I have a colleague here at GMU econ who recently expressed to me his feeling that we academics should usually accept such standard explanations unless we see clear strong evidence to the contrary. That is, if an academic journal has a statement of purpose or aim or mission, then we should believe what that statement says about the main social function of that journal in the world — if it says the journal exists to advance knowledge, that is what we should believe. He thinks we should similarly accept official purpose statements of hospitals, universities, charities, and government agencies. (He might not accept mission claims by firms, e.g., “Wal-Mart’s mission is to help people save money so they can live better”; apparently only admired non-profits deserve such deference.)
The most powerful insufficiently-appreciated insight I’ve ever learned is the one intellectual legacy I’d leave, if I could leave only one: we are often wrong about why we do things. Yes it is hardly original, and it might sound trivial, but few appreciate its full depth.

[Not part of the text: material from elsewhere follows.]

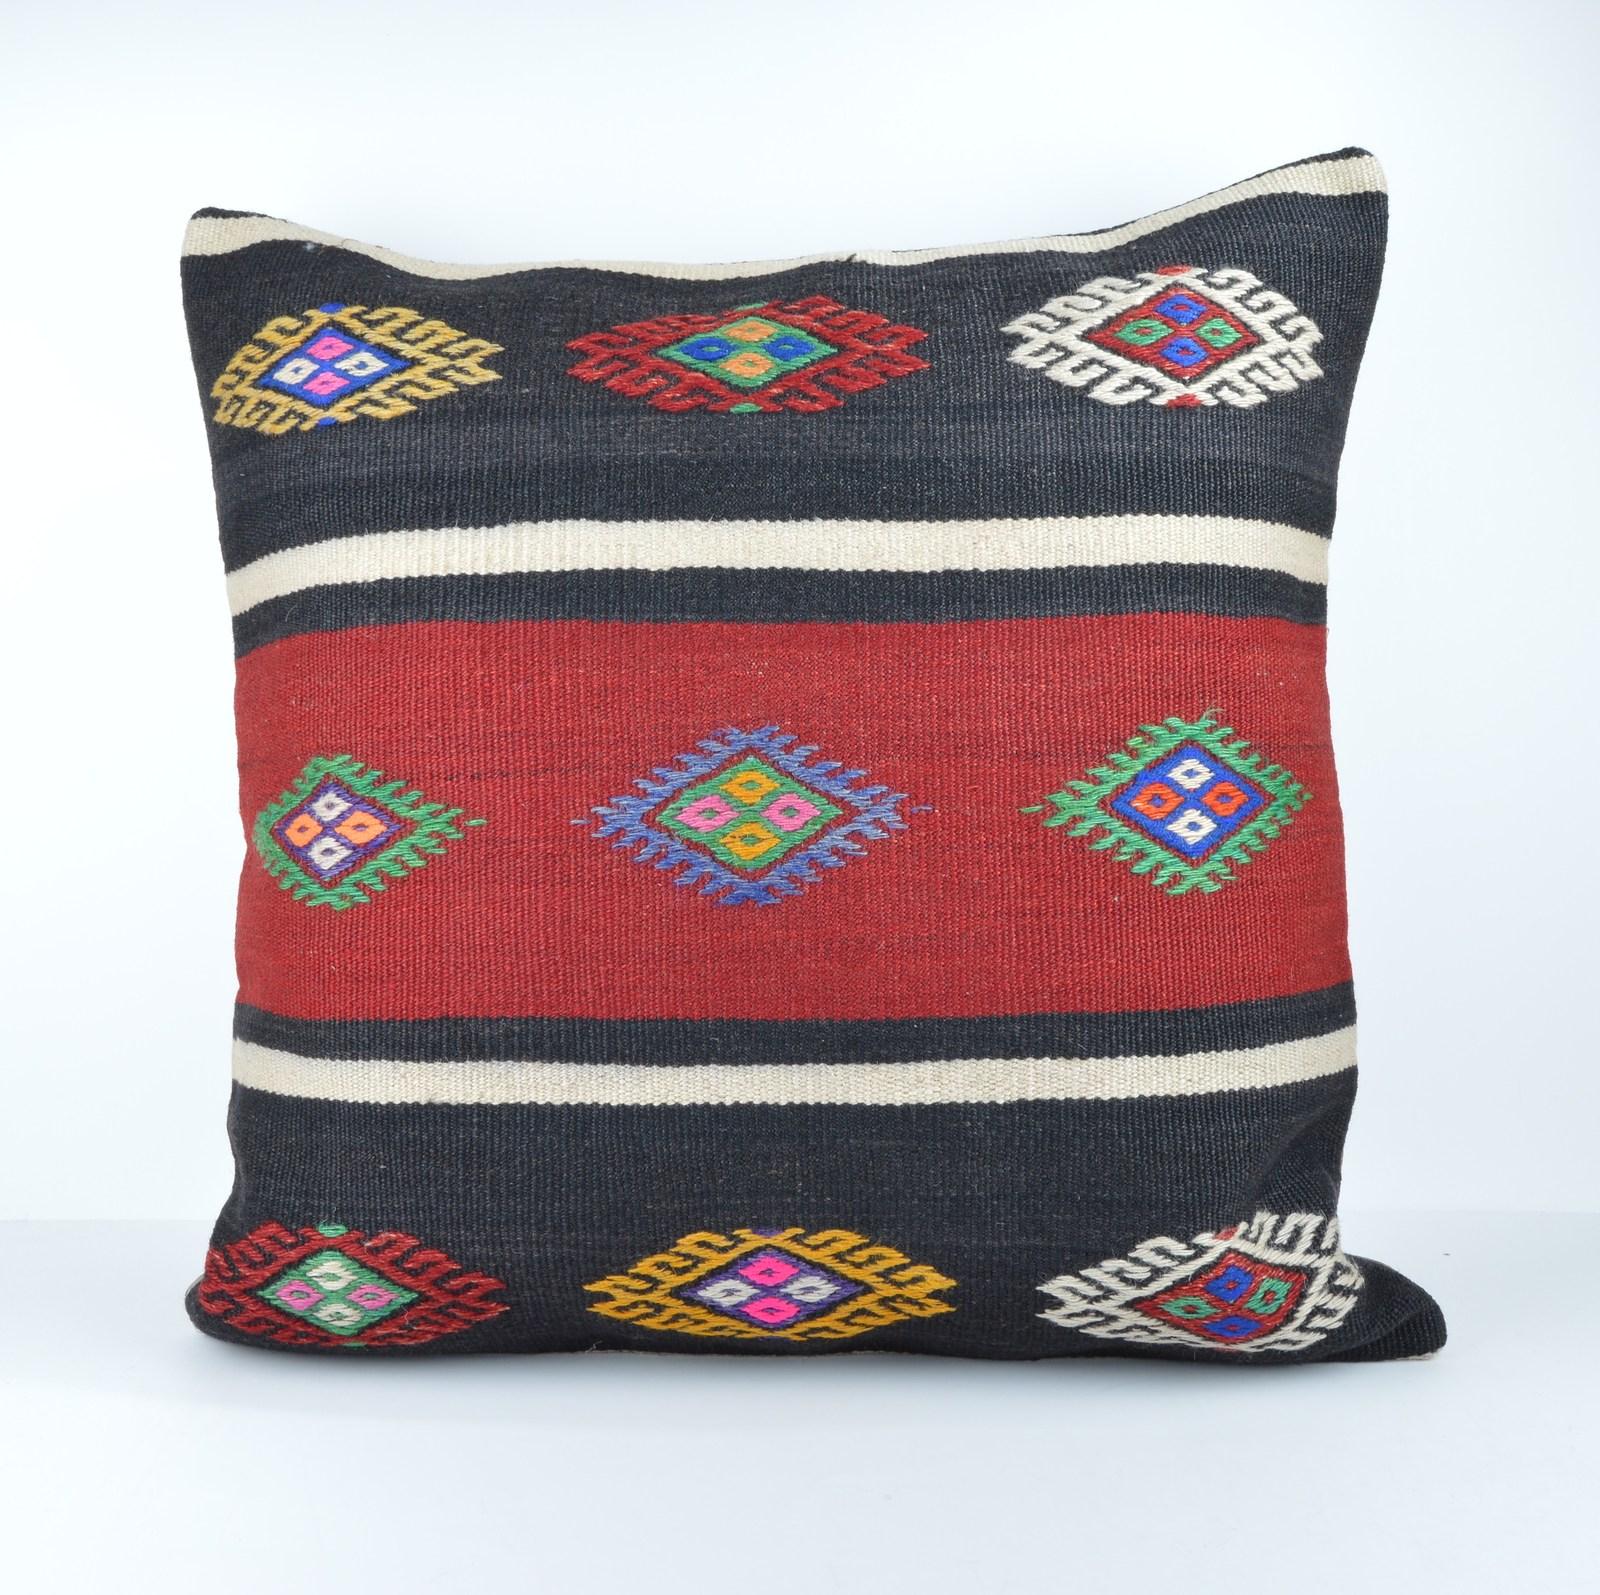 Very Large Decorative Pillows : 24x24 inch pillow ,extra large pillow,european pillow,decorative pillow 24,large - Pillows

People are way too quick to assume that the main forces shaping the details of common human behaviors and institutions are their standard claimed missions. For example, people assume that the main force shaping doctors and hospitals is their declared mission to make people healthy, that the main force shaping universities and their research patrons is their declared the mission of advancing the frontiers of knowledge, that the main force shaping human capacities to make and evaluate reasons is the estimation of truth, and so on.

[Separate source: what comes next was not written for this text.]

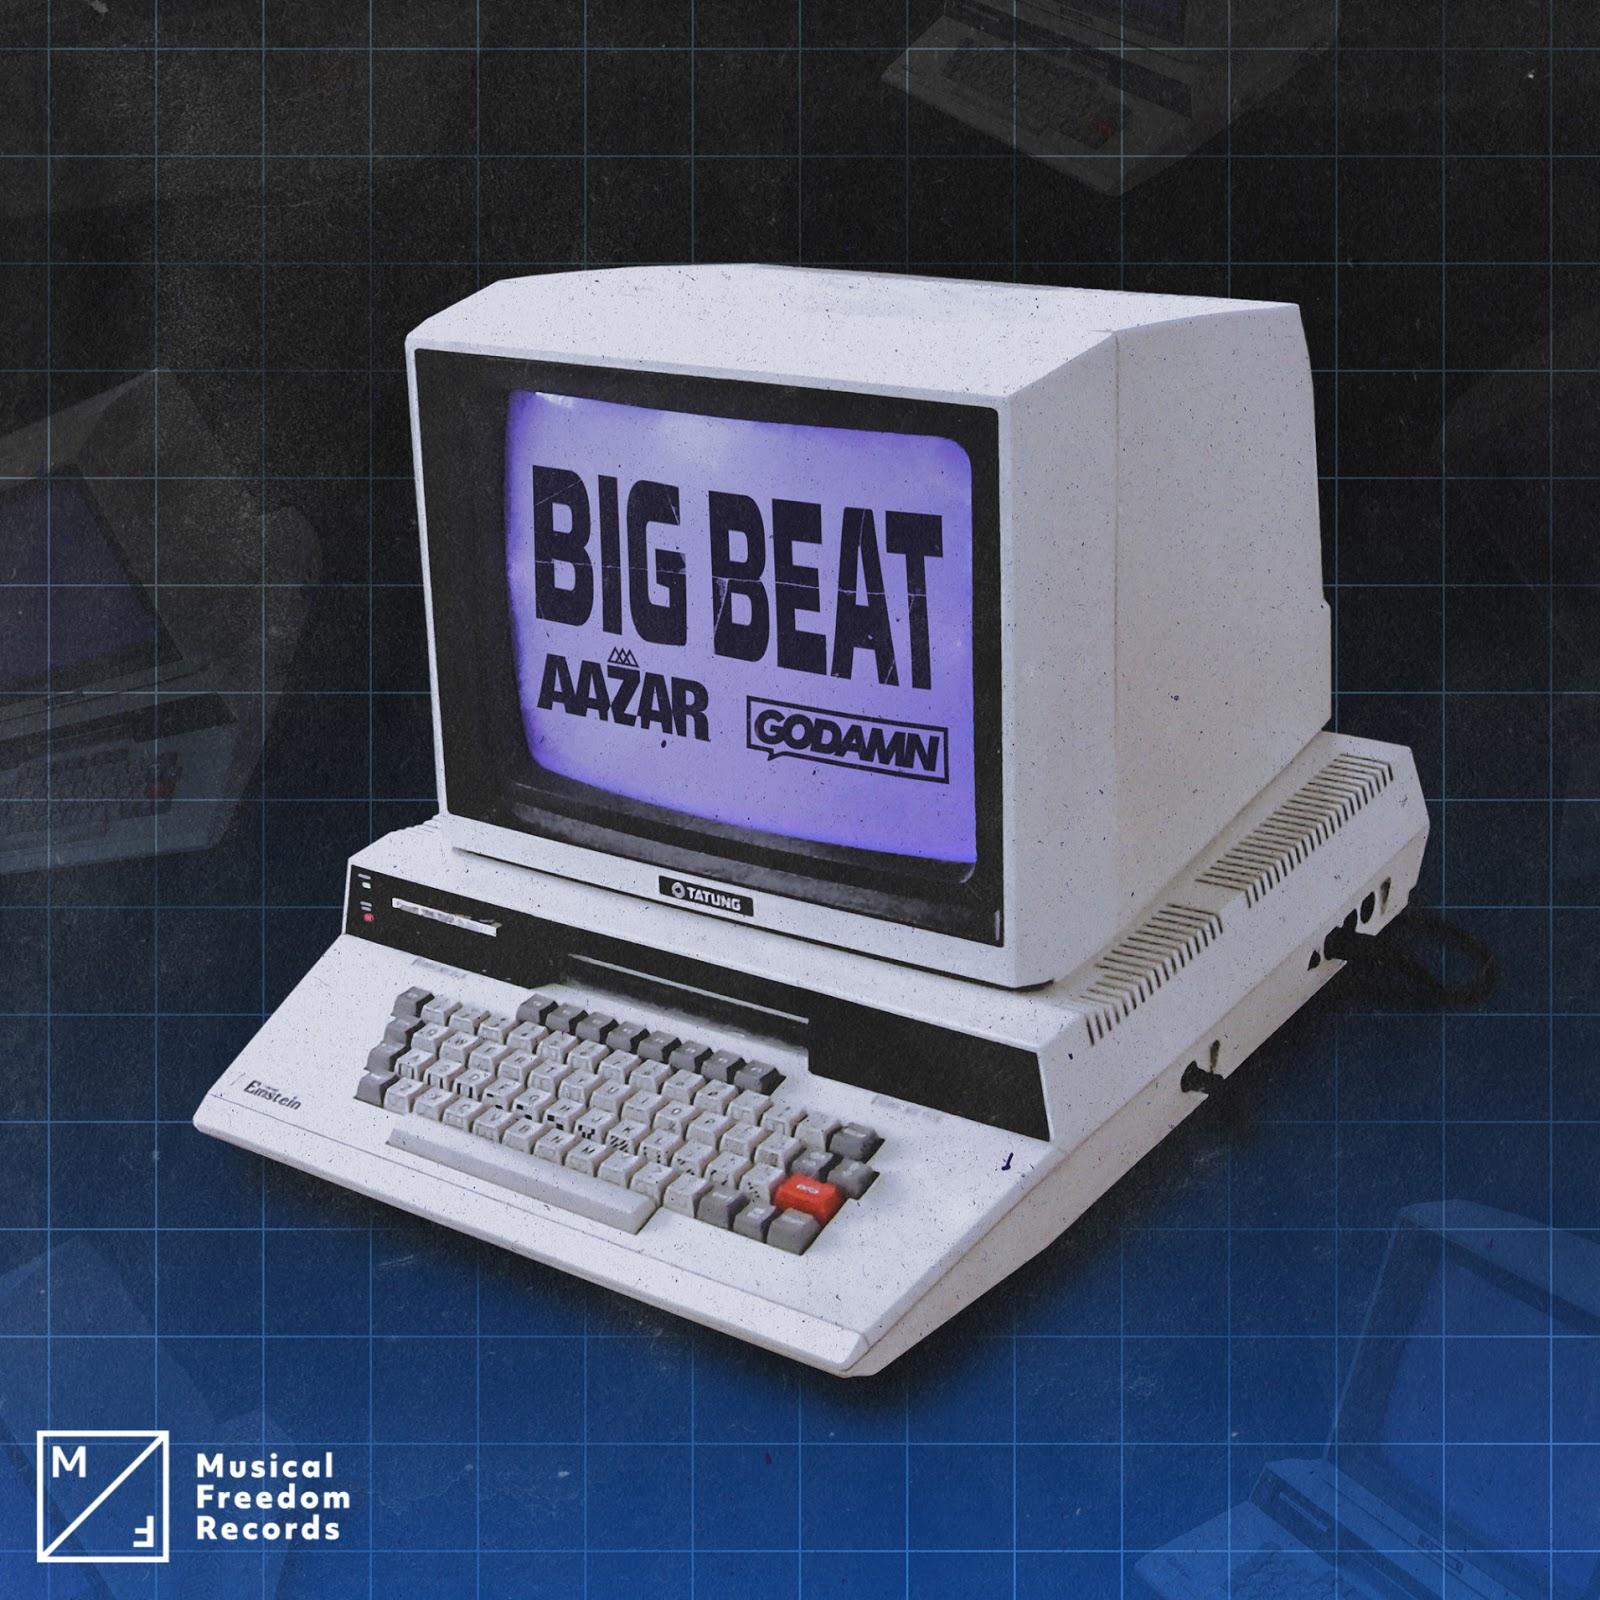 "Résultat de recherche d'images pour ""aazar godamn big beat"""

Once a social scientist starts to look seriously look for non-standard explanations, however, it is pretty easy to find them. Standard explanations leave many puzzling phenomena poorly explained, phenomena for which non-standard explanations often better account. Yes, there is an unfortunate tendency to latch onto the first plausible non-standard explanation one finds, instead of continuing to search for more possible explanations. I’ve probably been guilty of this myself, such as by perhaps focusing too much on signaling explanations.
But now I understand: today our priority should be a back-to-basics skeptical re-evaluation of human behavior. That is, we should search for plausible non-standard explanations of our most common behaviors, even those we think “obvious,” and then seek simple matches between the simple robust predictions of each explanation and the puzzling phenomena we need to explain. I’m very interested in participating in such efforts, and uncertain about the best way to proceed.
Within academia, one important obstacle to this project is the tendency of “rigorous” folks like my colleague to insist that non-standard explanations are “extraordinary”, and so require “extraordinary” evidence. They aren’t worth much math modeling until stronger data support is offered, and they aren’t worth collecting much new data to test since they are not yet well supported. (Standard datasets, collected with standard explanations in mind, are usually poorly suited to this task.) Alas the first-cut math models and data analysis appropriate for this first stage of analysis tend to be poor places for academics to signal their math or statistics sophistication.